-- Opening Marker --

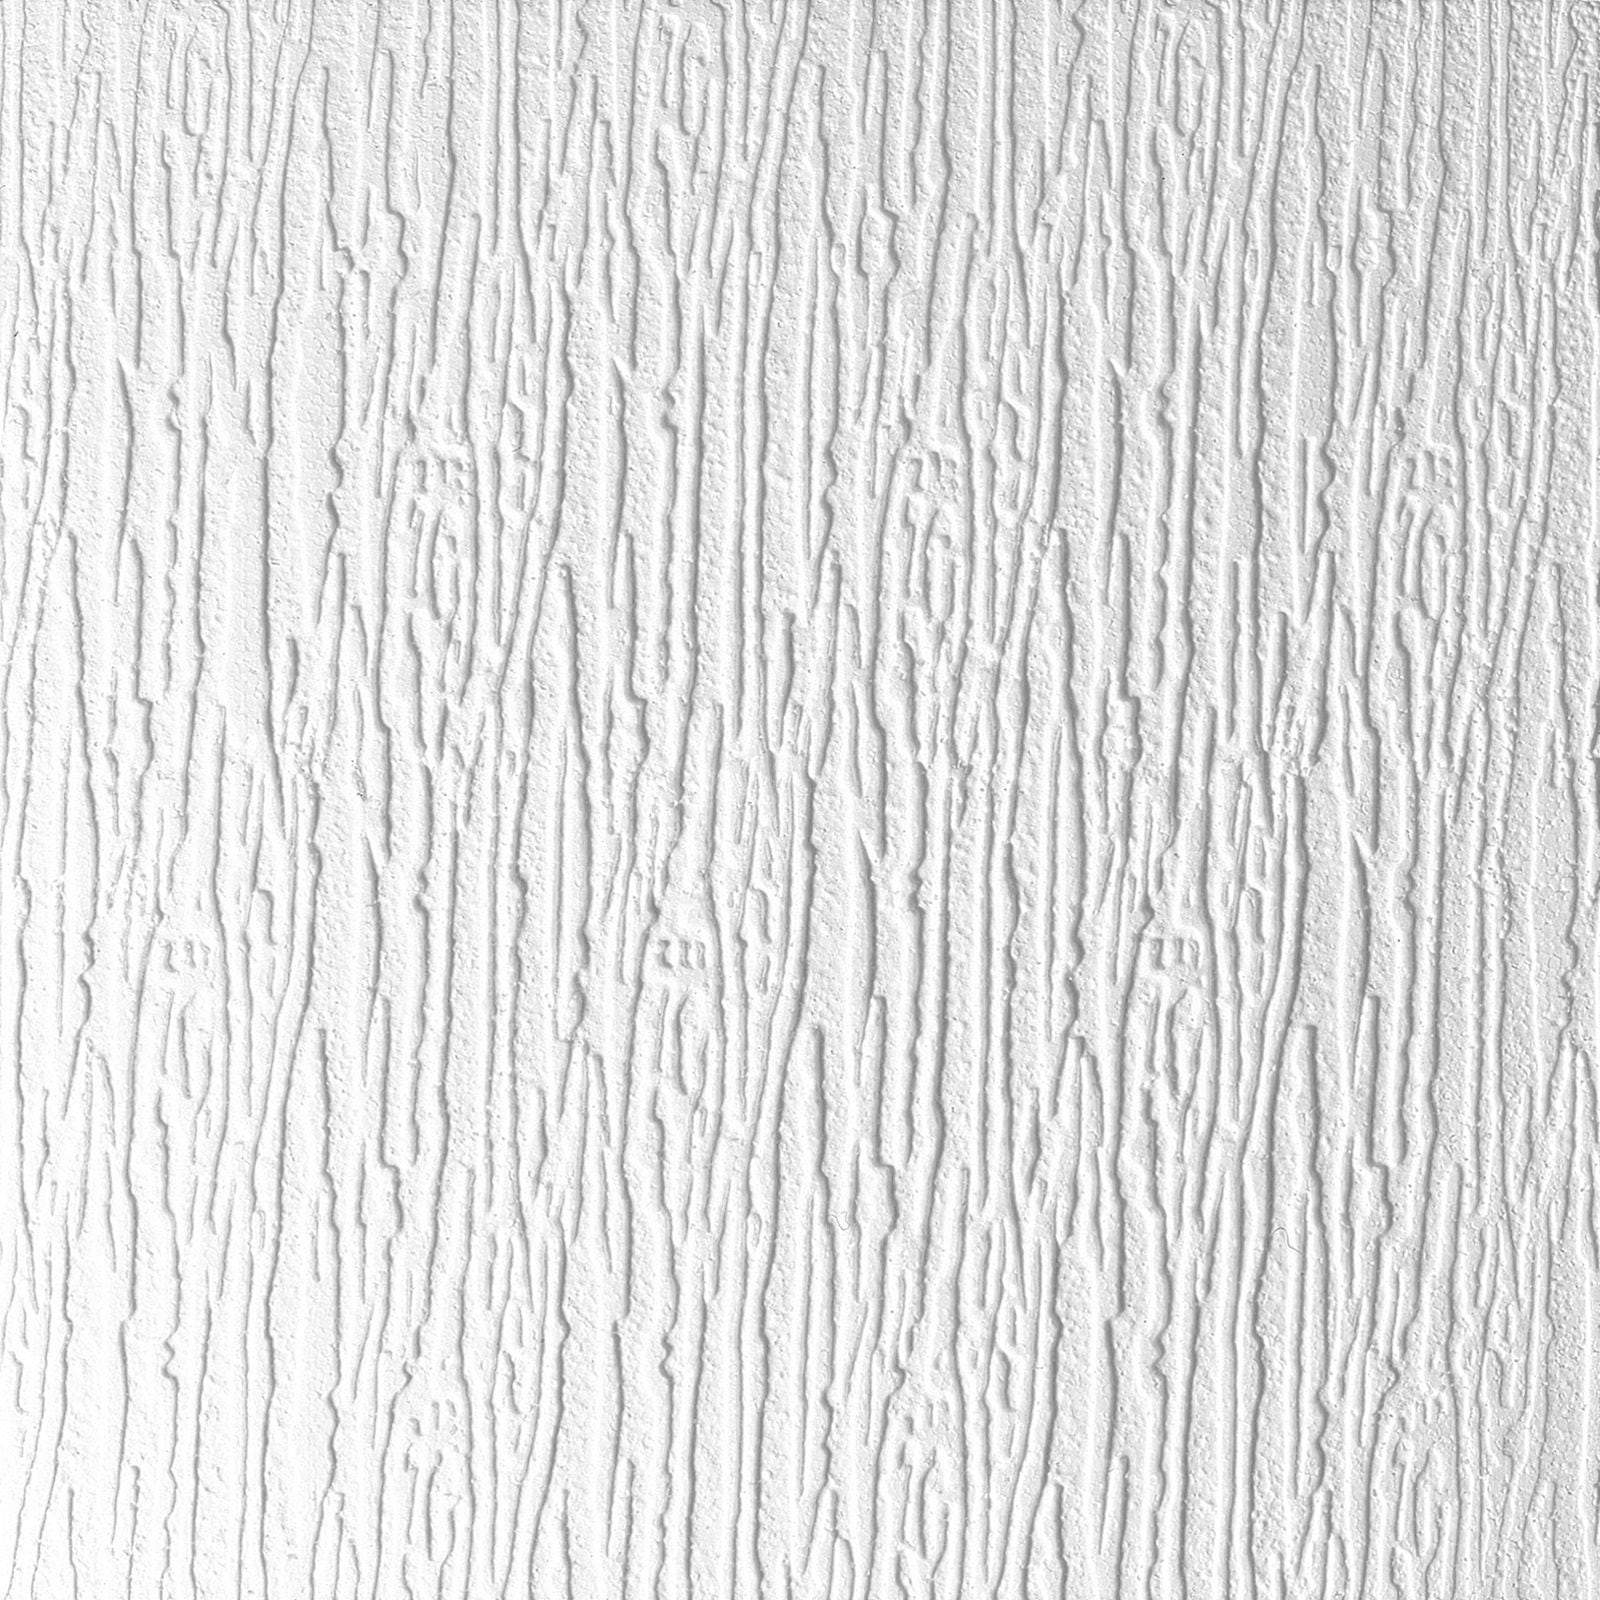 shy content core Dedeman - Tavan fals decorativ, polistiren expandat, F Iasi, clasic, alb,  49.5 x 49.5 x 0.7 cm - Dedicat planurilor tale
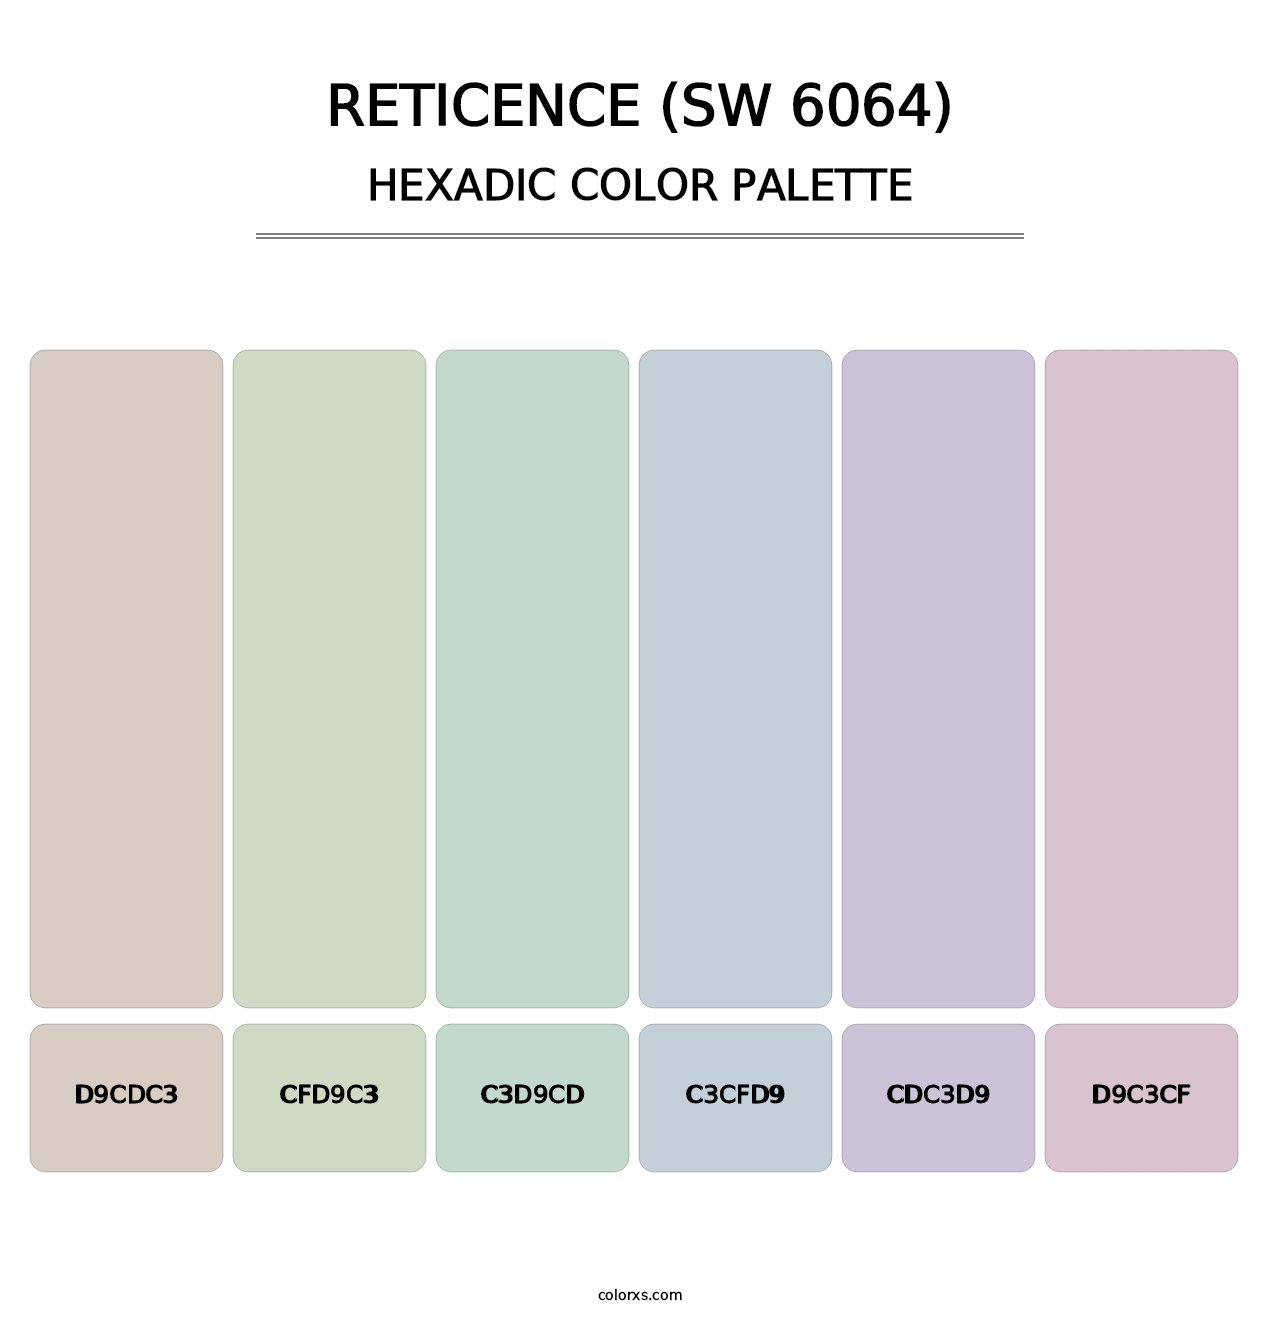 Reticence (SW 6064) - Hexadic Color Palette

-- Closing Marker --
-- Opening Marker --

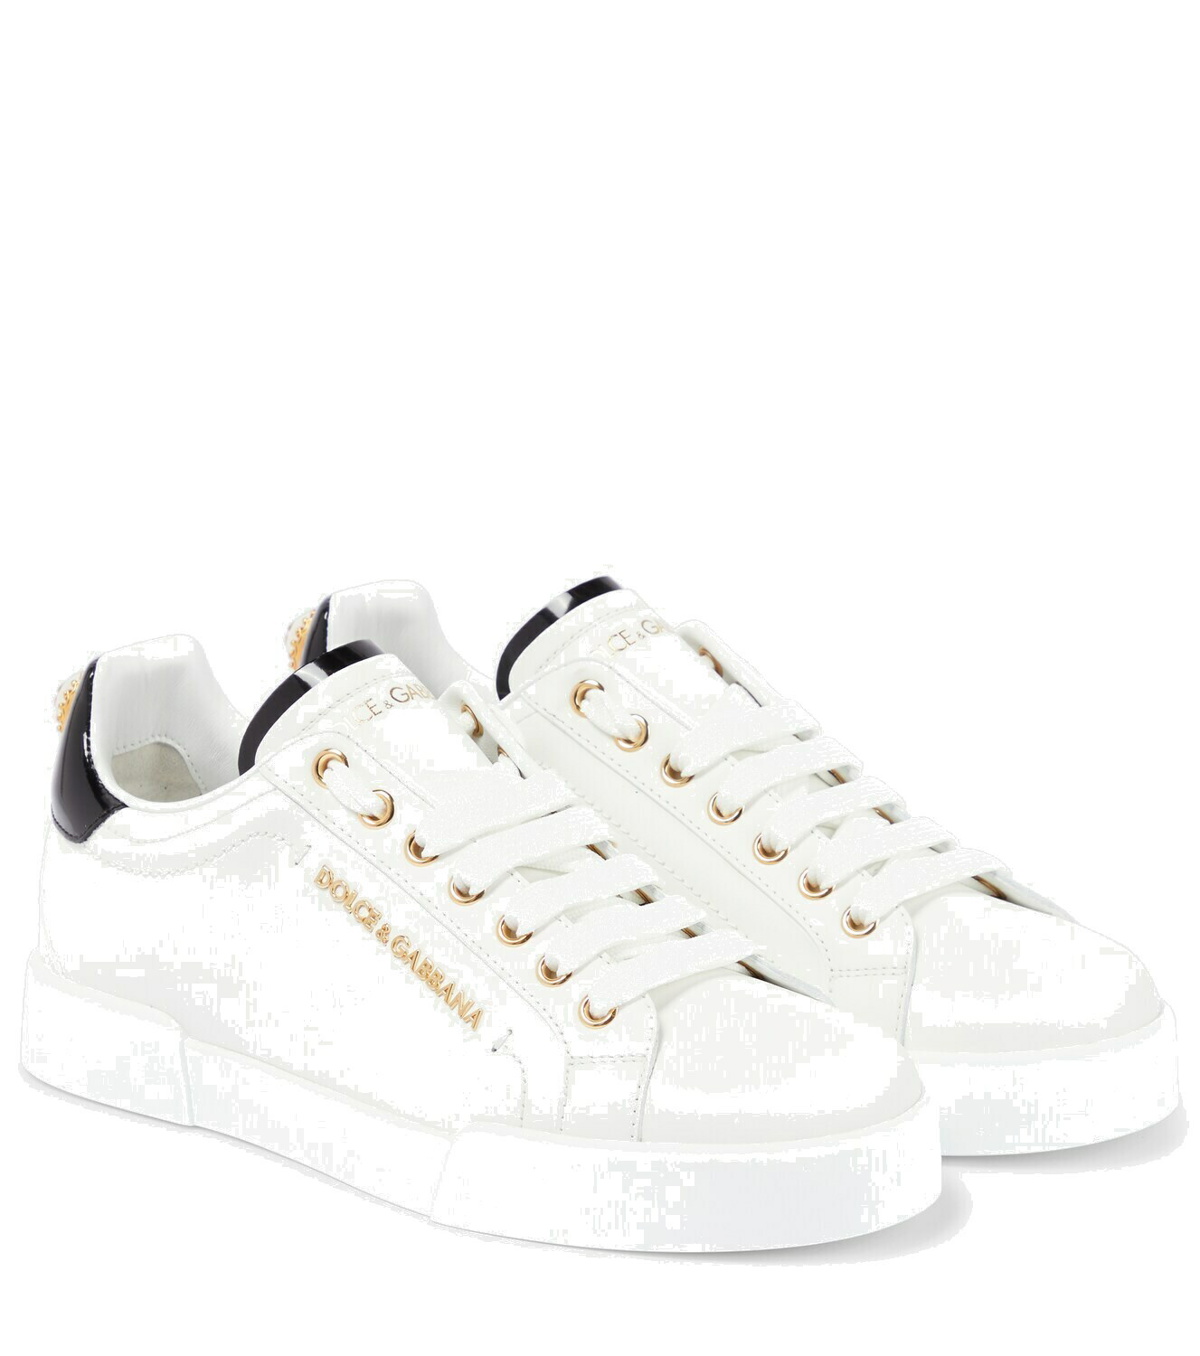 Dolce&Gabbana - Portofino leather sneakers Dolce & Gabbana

-- Closing Marker --
-- Opening Marker --

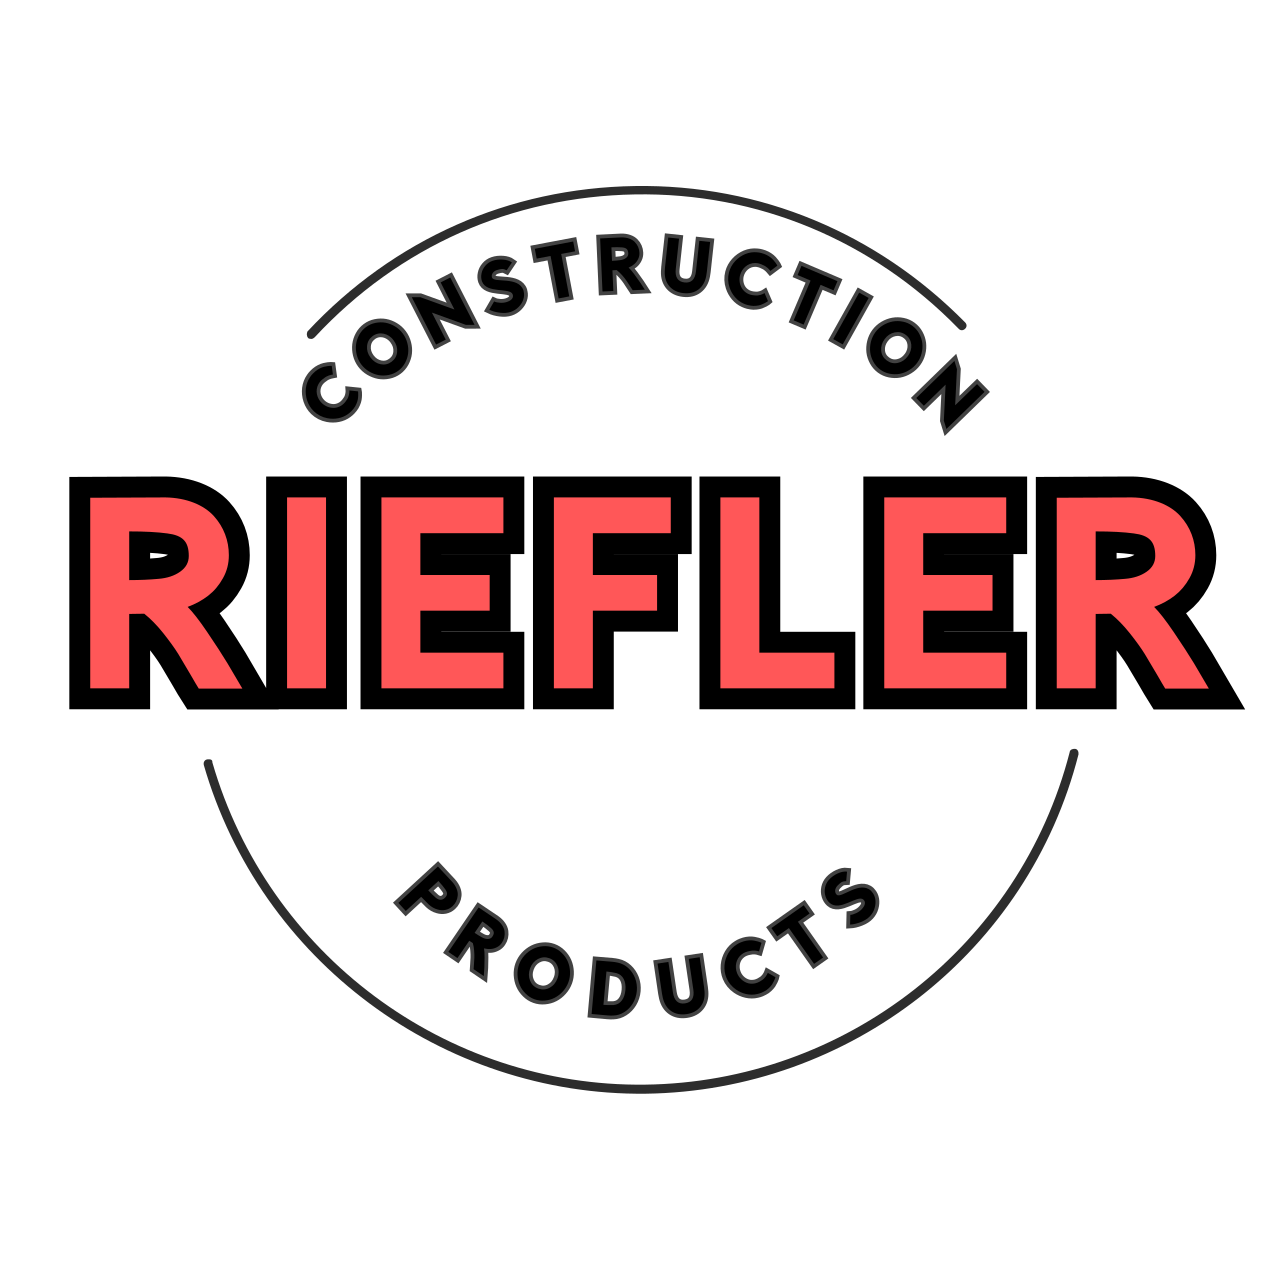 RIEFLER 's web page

-- Closing Marker --

* _Activity_
Everything between and including the line above containing "shy content core" and the line containing "Reticence (SW 6064) - Hexadic Color Palette" should be reproduced exactly, with pictures excluded.

* _Response_
 shy content core Dedeman - Tavan fals decorativ, polistiren expandat, F Iasi, clasic, alb,  49.5 x 49.5 x 0.7 cm - Dedicat planurilor tale
 Reticence (SW 6064) - Hexadic Color Palette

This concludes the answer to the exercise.